Everything else is about the same.

This reverts commit b382e40.

zooba · 2024-02-08T00:22:51Z

For whatever reason, every time I try to review this, I struggle to figure out what the change is doing :D

Since it doesn't require changing any test cases, and I know the tests cases are pretty thorough for this area, I don't think there's any reason to not sign off.
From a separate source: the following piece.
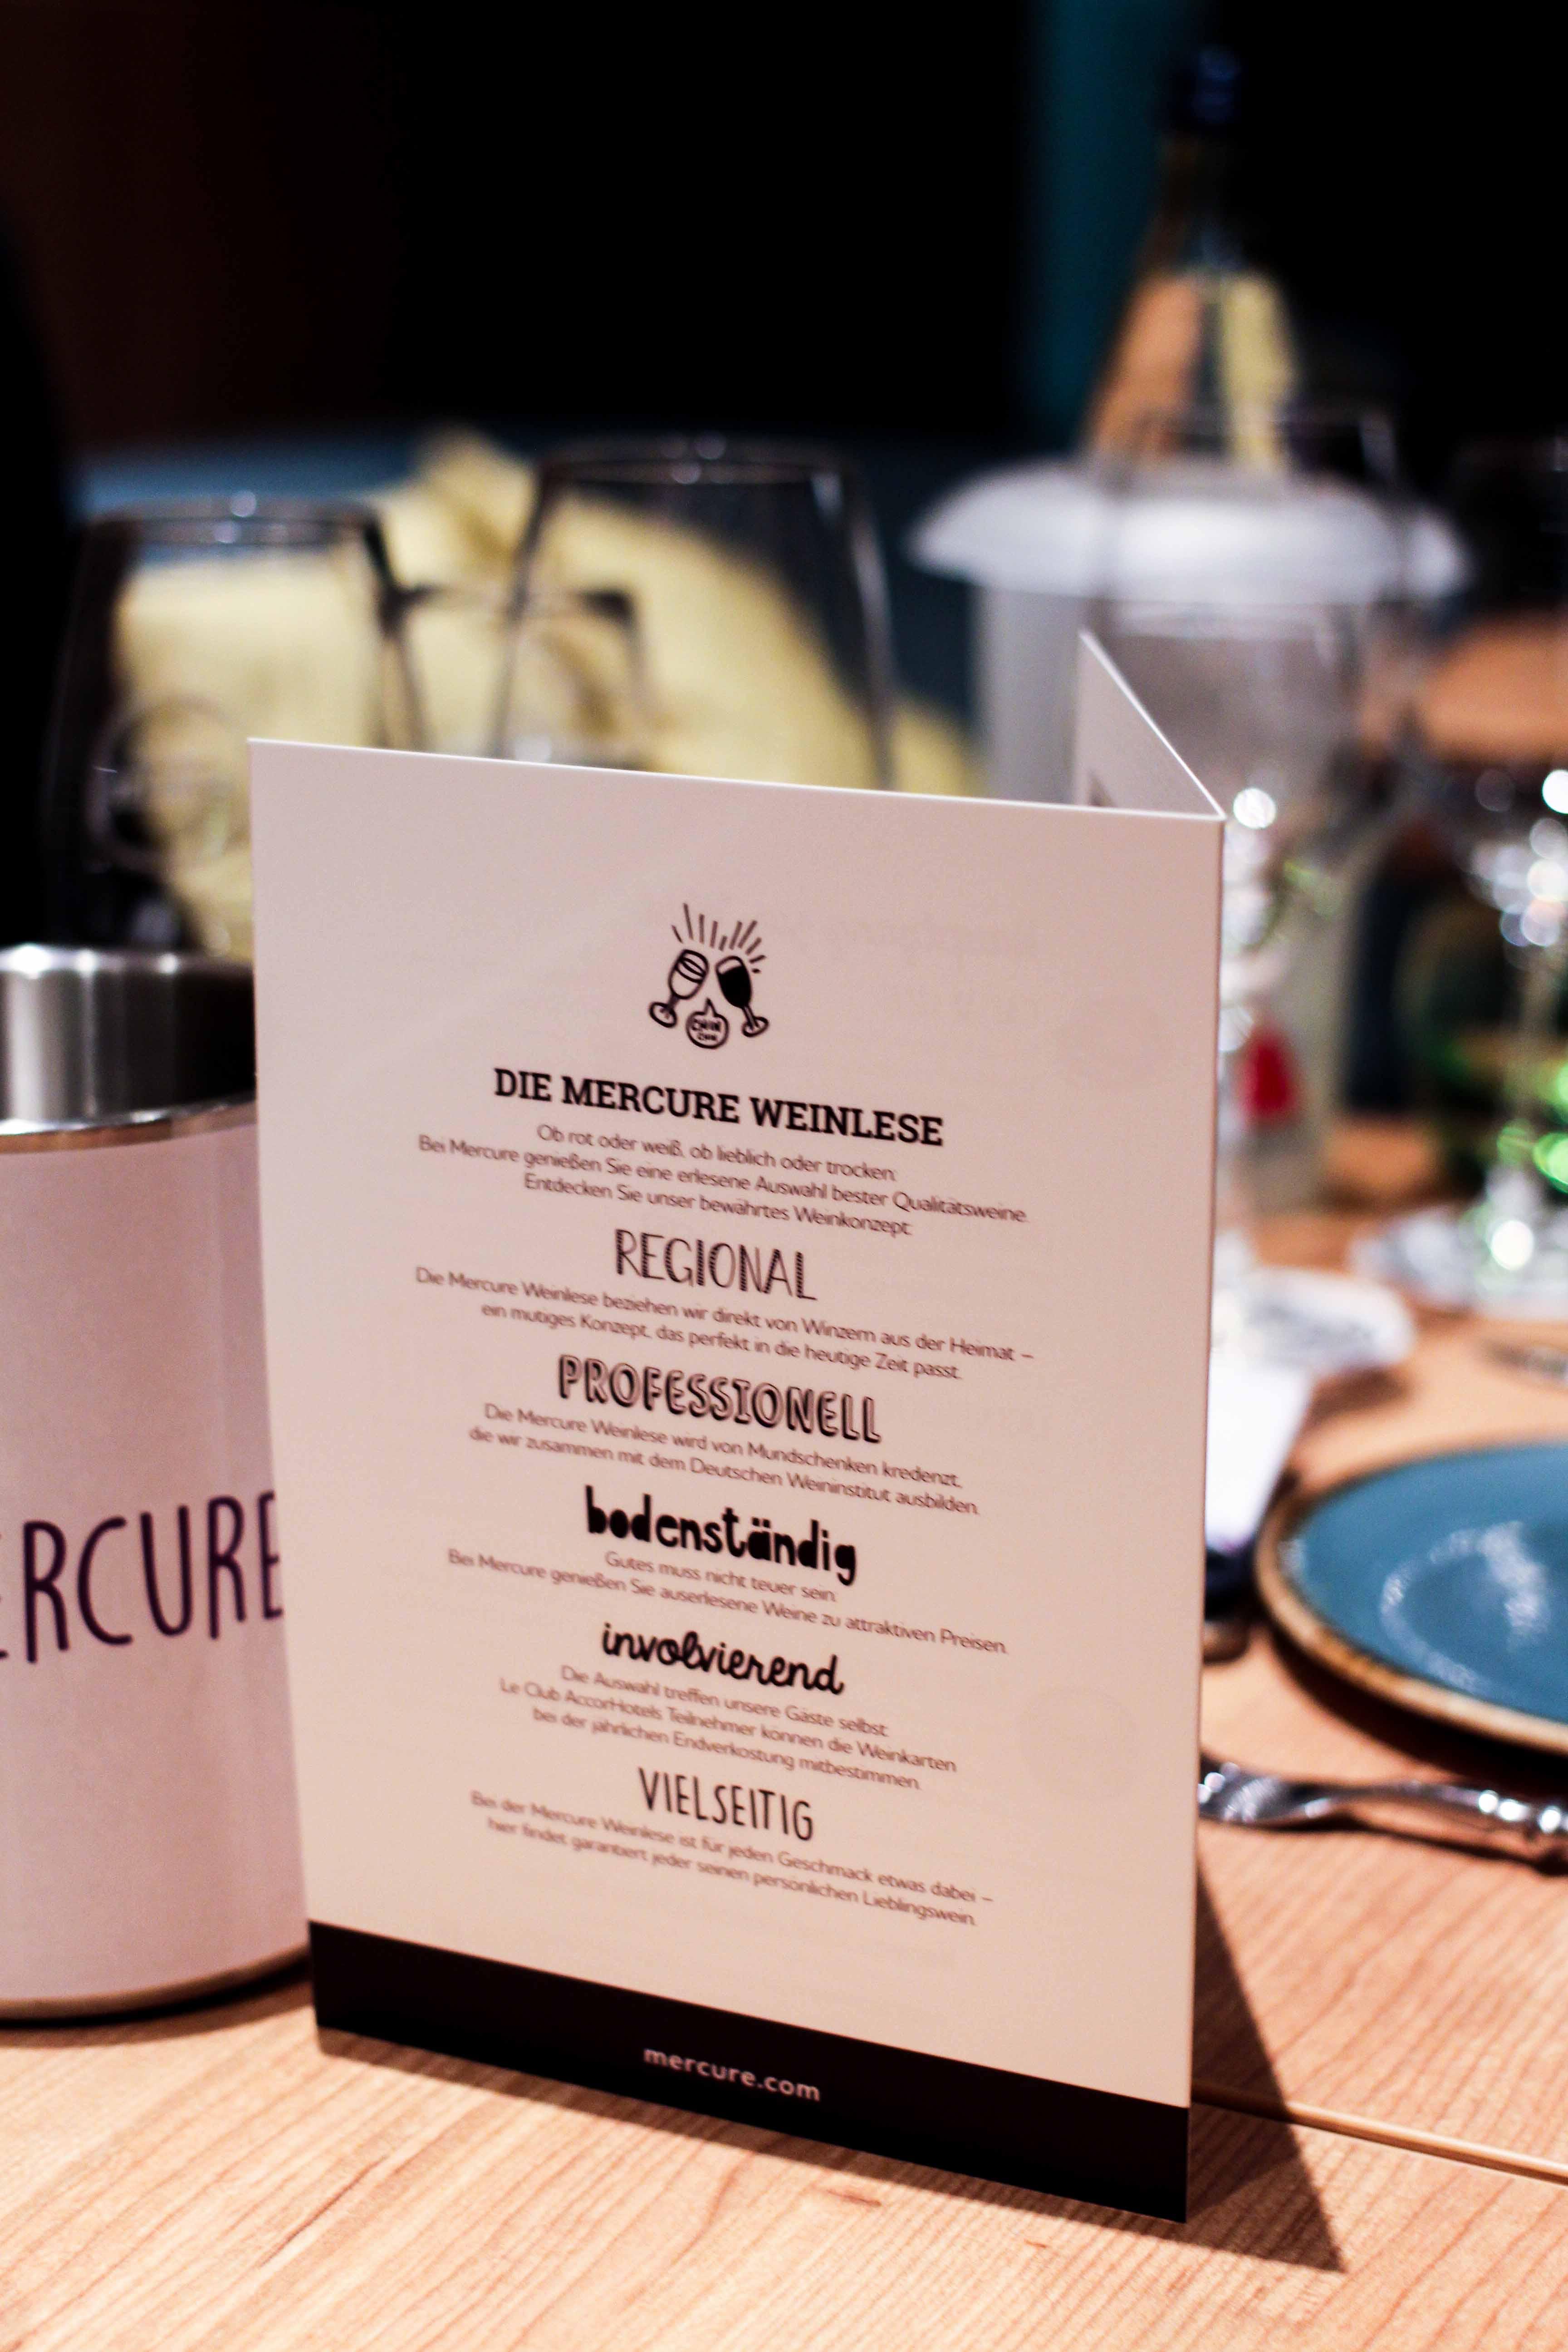 Mercure Weinlese Reiseblog Weinprobe Mercure Mannheim Weinkarte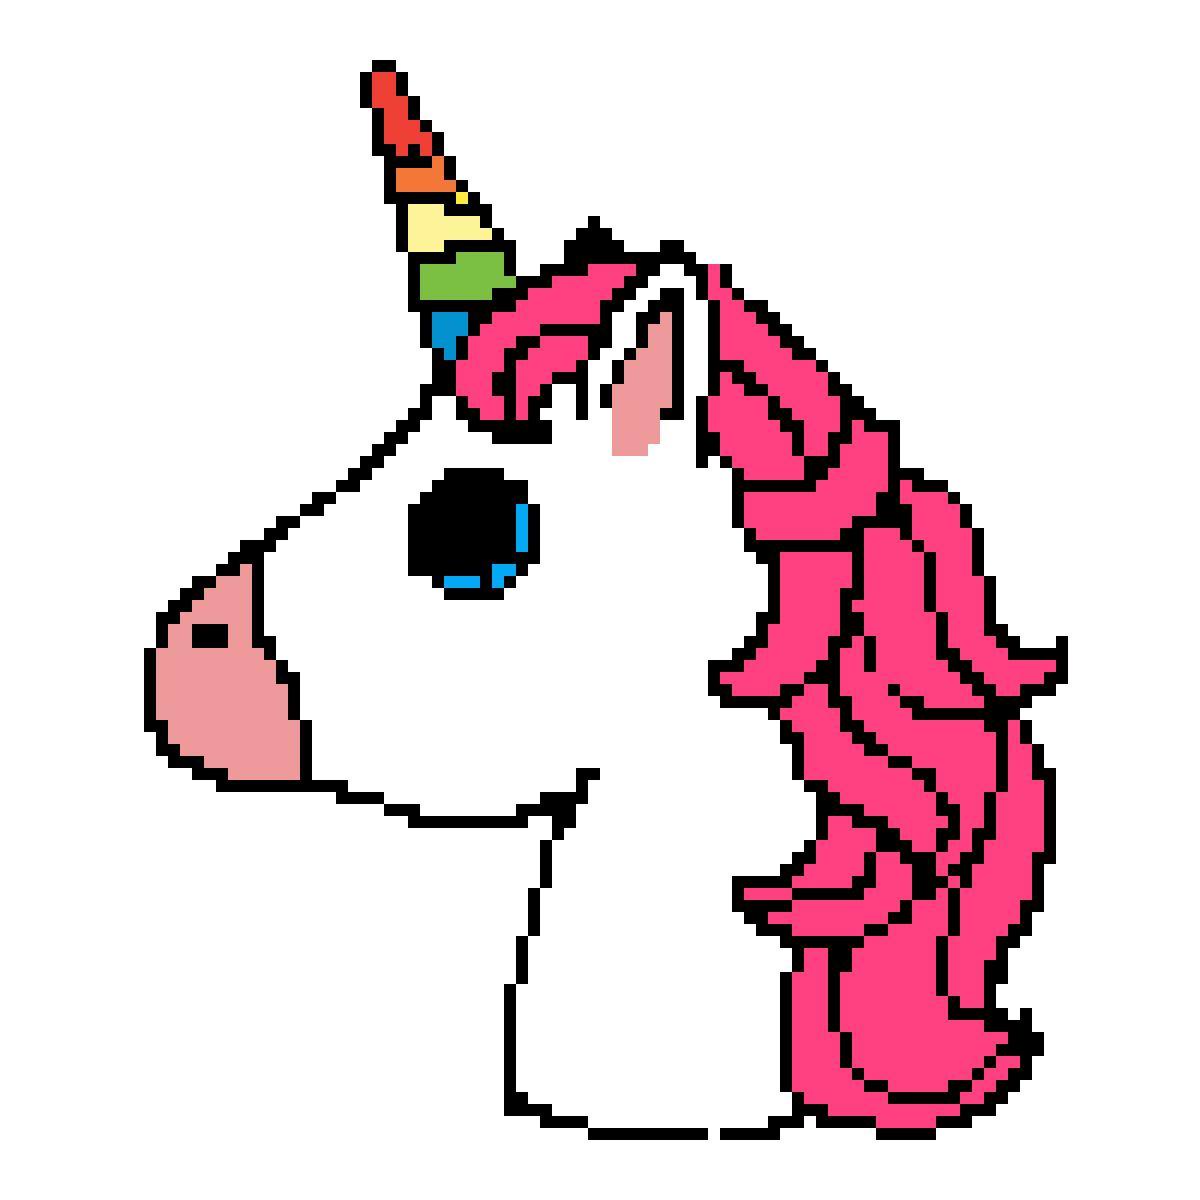 unicorn by PGhorselady

Maybe trigger a buildbot run with the tag to make sure it doesn't behave strangely on any of those setups - they can occasionally be a bit unusual and find some edge cases.

barneygale · 2024-02-08T17:13:11Z

Thanks Steve.

For whatever reason, every time I try to review this, I struggle to figure out what the change is doing :D

The algorithm might be worthy of a blog post at this point!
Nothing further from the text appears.